Dando por terminada su conversación con J, se dirigió al juez para responder la pregunta que le hizo a la defensa: – Sí, su excelencia, la defensa tiene algo que decir, claro, solamente si en su profunda bondad me permite decírselo, su excelentísimo. – El juez, rascándose la barbilla lo aprueba; y con una alegría indisimulada prosiguió, – gracias su majestad, permítame pues, siempre que a su excelencia así le complazca, a este humilde e indigno ser, besar su espléndida mano –. El juez, mirándolo como a una rata a punto de morir, le dice – Si la fiscalía no se opone, por supuesto. – J. intentando comprender la situación en la que se encontraba, no hallaba las palabras para hablar.


– La fiscalía no tiene ningún inconveniente, señor juez, y aprecia el gesto de la defensa –. J. viendo lo que estaba a punto de ocurrir, entre una mano estirada y los labios de quien ahora era su defensor gritó:


– ¡Alto!, ¡Alto!, ¡Alto!, ¡Que alguien decente pare esta comedia! Por Dios. – Fue así como el que ahora era su abogado, se avergonzó, se detuvo y dijo:


– Tiene razón mi cliente, esto es una comedia, me disculpo con todos los presentes y exclusivamente con usted, excelentísimo, por no preguntarle si debería arrodillarme o arrastrarme hasta su mano –. J., que, por un momento, vio una pisca de sentido en el que había dicho ser su abogado, al escucharlo terminar decidió despedirlo de su defensa, si es que alguna vez lo fue, y dirigiéndose al juez tomó la palabra:


– Señor Juez, no comprendo por qué se me ha asignado un abogado, si no lo necesito, sería demasía que el abogado del acusado tuviera un abogado sabiendo que con el primero es suficiente para el caso –. El juez, esta vez golpea con tanta violencia la mesa que le hace un daño permanente, y, sin inmutarse por el daño, respondió:


– Seré franco con usted; no me agrada que se salte las normas del juzgado, pero Señor J., le responderé lo que con descaro ha preguntado, en un gesto de amabilidad que no debería tener con usted, y, le aviso, tiene un abogado porque lo necesita. Todo acusado necesita un abogado. Además, ya que usted alardea mucho de un título que no le es de utilidad, al menos en esta ocasión, he de recordarle que los acusados no pueden ser sus propios abogados, aunque tengan mucha destreza en esta área. Nadie se defiende solo en un juzgado y usted no es la excepción, ahora deje a su abogado trabajar tranquilamente –. J., al escuchar una respuesta negativa se apresura:


– Disculpe su señoría, no comprendo con exactitud sus palabras. Soy el abogado de mi cliente, eso sí es cierto, he de agregar que a lo que a mí respecta estoy aquí en la calidad de defensor, no de defendido, así que, ¿podría usted explicarme cómo y en qué momento he pasado de abogado a acusado? Eso sí, espero encontrar coherencia en sus siguientes palabras, o por lo menos más coherencia de la que ha tenido hasta ahora. – El juez, sin disimular el disgusto que le provocaba las palabras de J., con furor le responde:


– Ha llegado usted hasta extremos, antes inalcanzables, de insolencia. No lo pienso tolerar más, ahora que están listos los patíbulos no hay necesidad de alargar más la cuestión, pero antes de que sean colgados conforme a la sentencia, y como último gesto de amabilidad, Dios testigo, hacia su asquerosa persona, he de decirle, que desde el primer momento en que se involucró en el caso de su cliente, se volvió tan culpable como si el delito lo hubiera hecho a mano propia. Ni una sola palabra más –.

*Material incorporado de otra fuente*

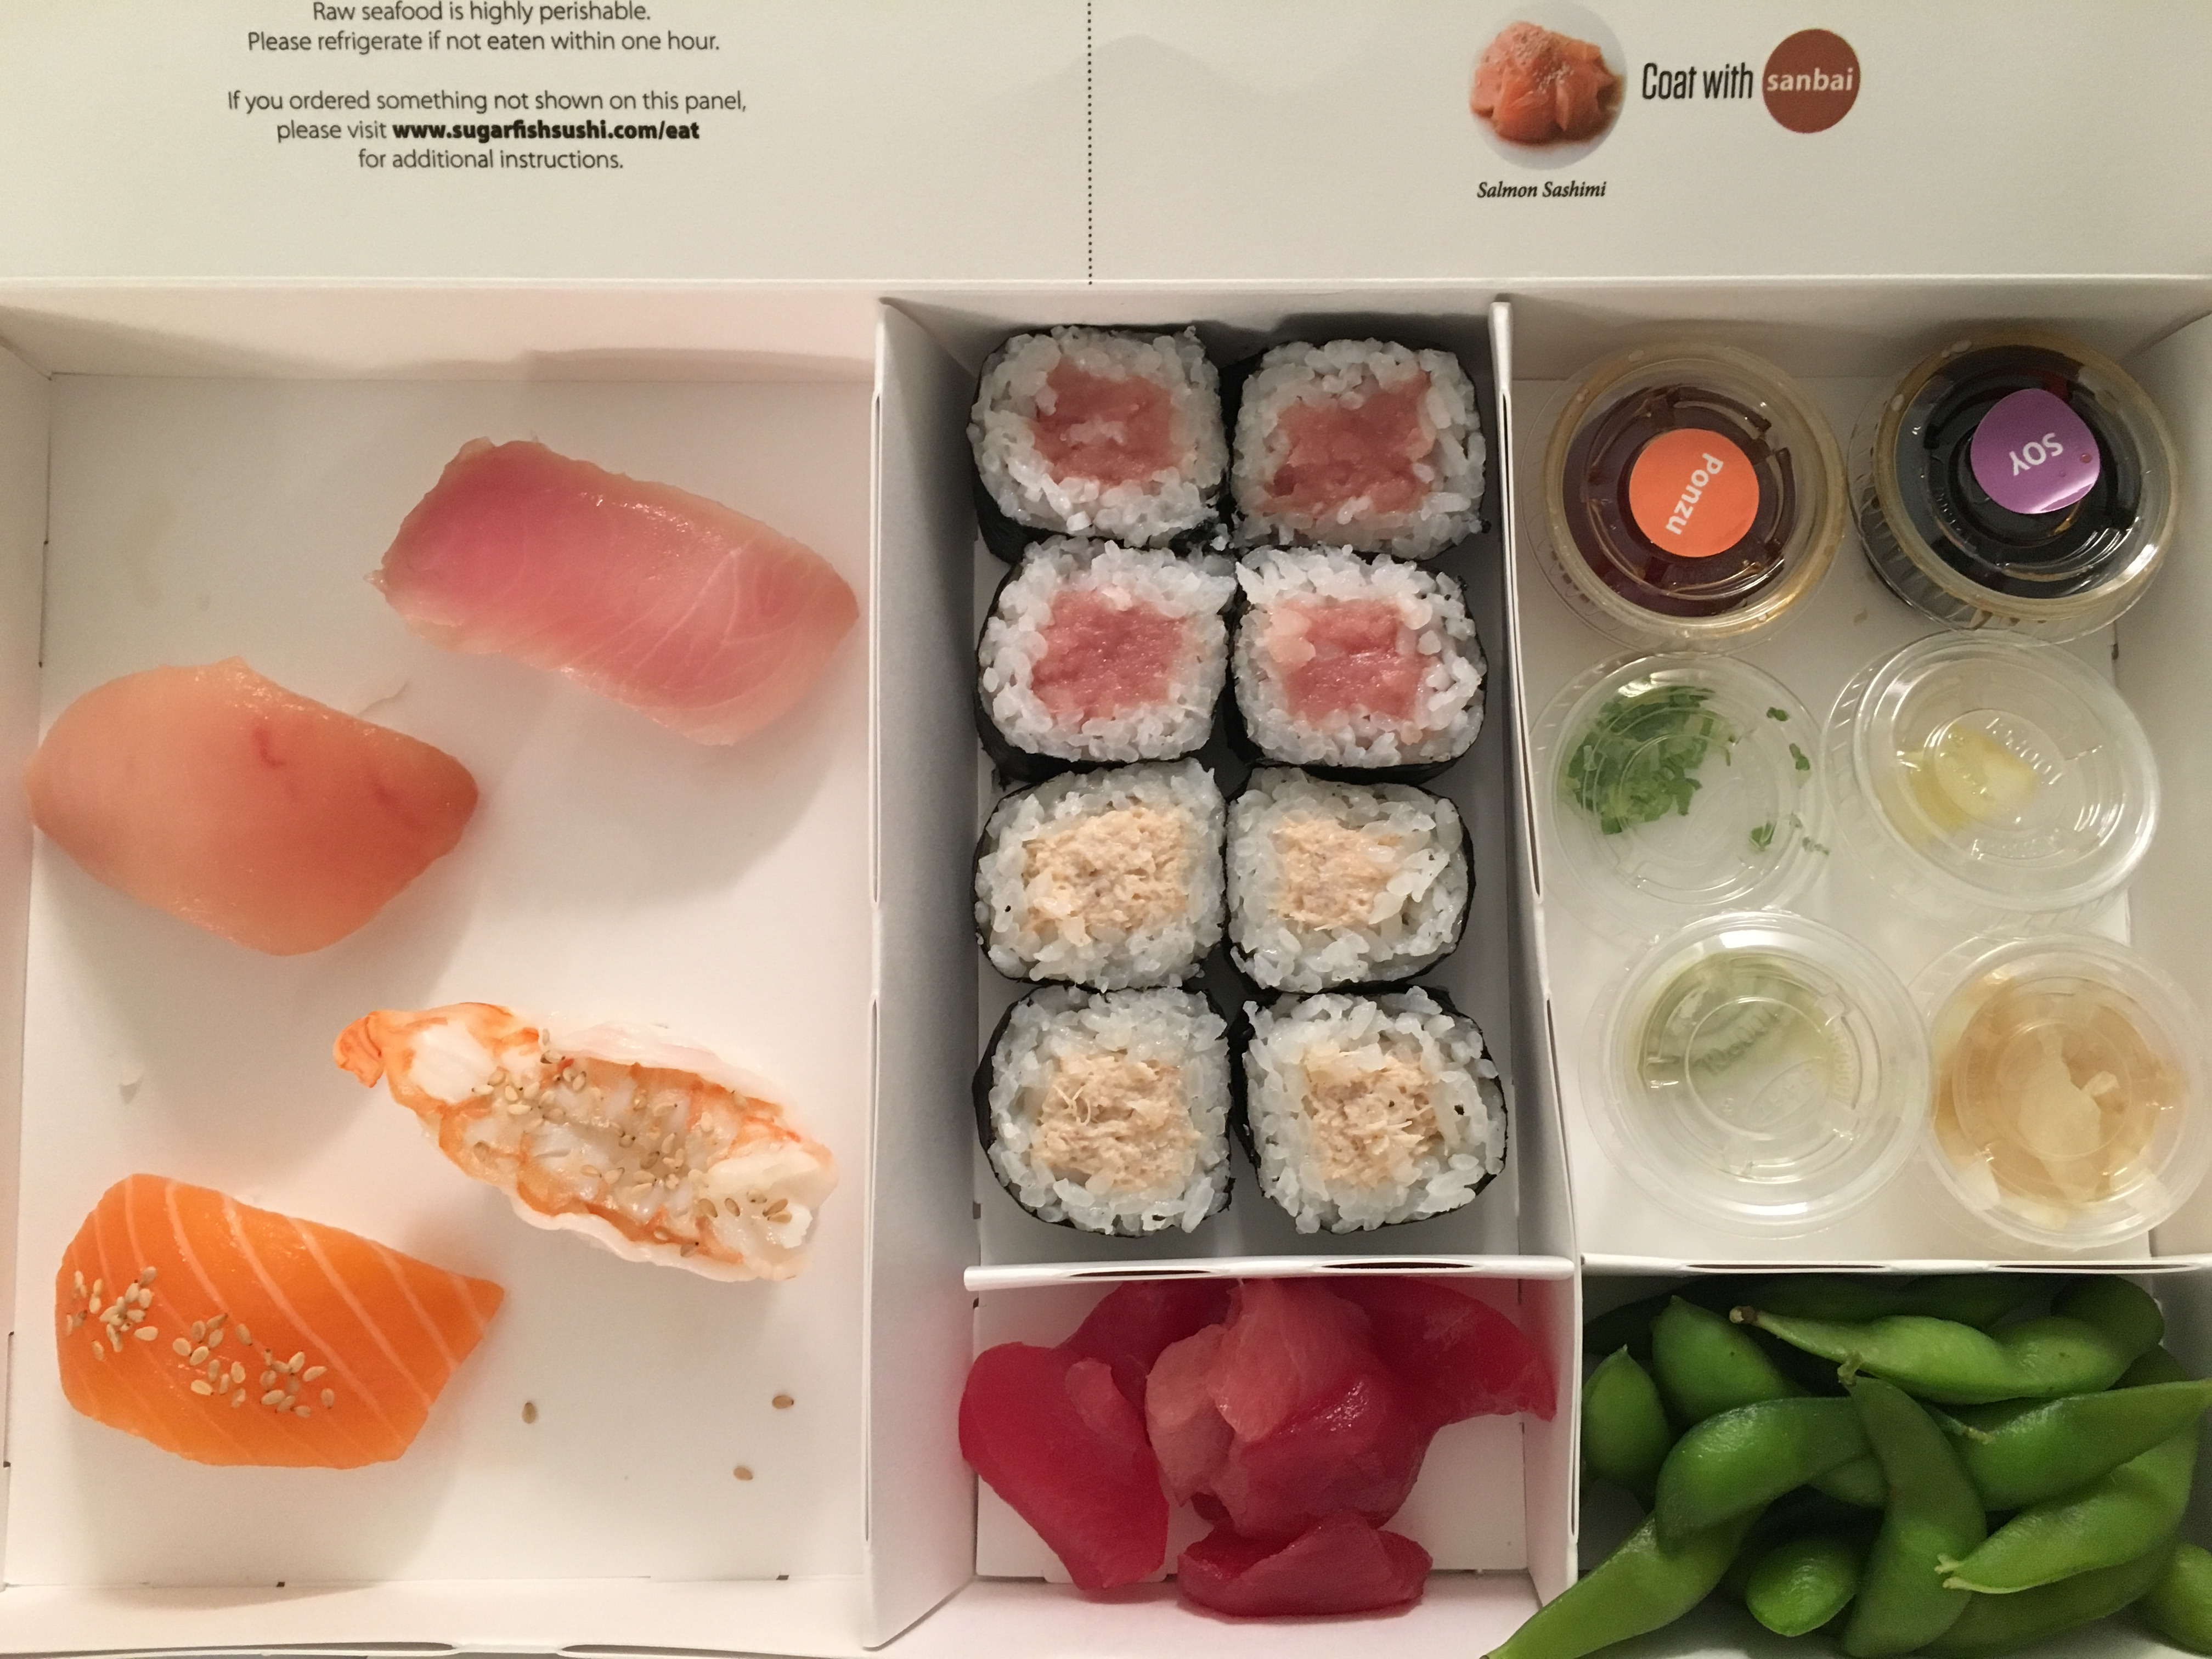 A Sugarfish delivery order
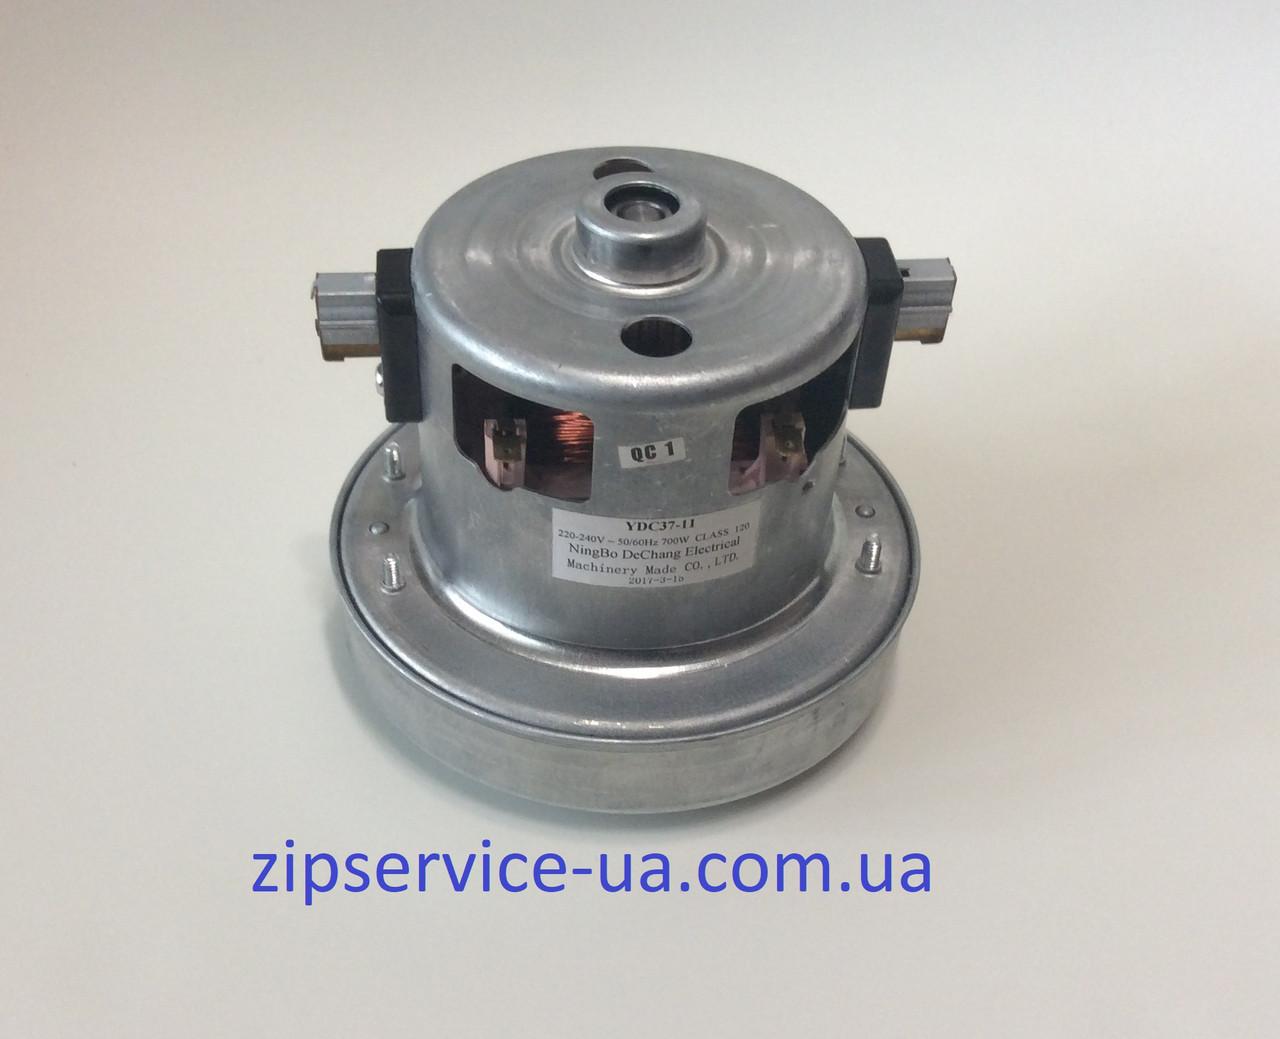 Мотор пылесоса YDC37-11, 700W Class120

J. intentó gritar, pero no pudo, los policías ahora triplicados los transportaban, no sin resistencia por parte de J., hacia los patíbulos recién construidos. Por las ventanas entraba la agonizante luz solferina para despedir a los condenados. Una vez en posición, se les acerca un subalterno para hacer la admonición de la sentencia, y, dicha la última palabra, ambos quedan colgados.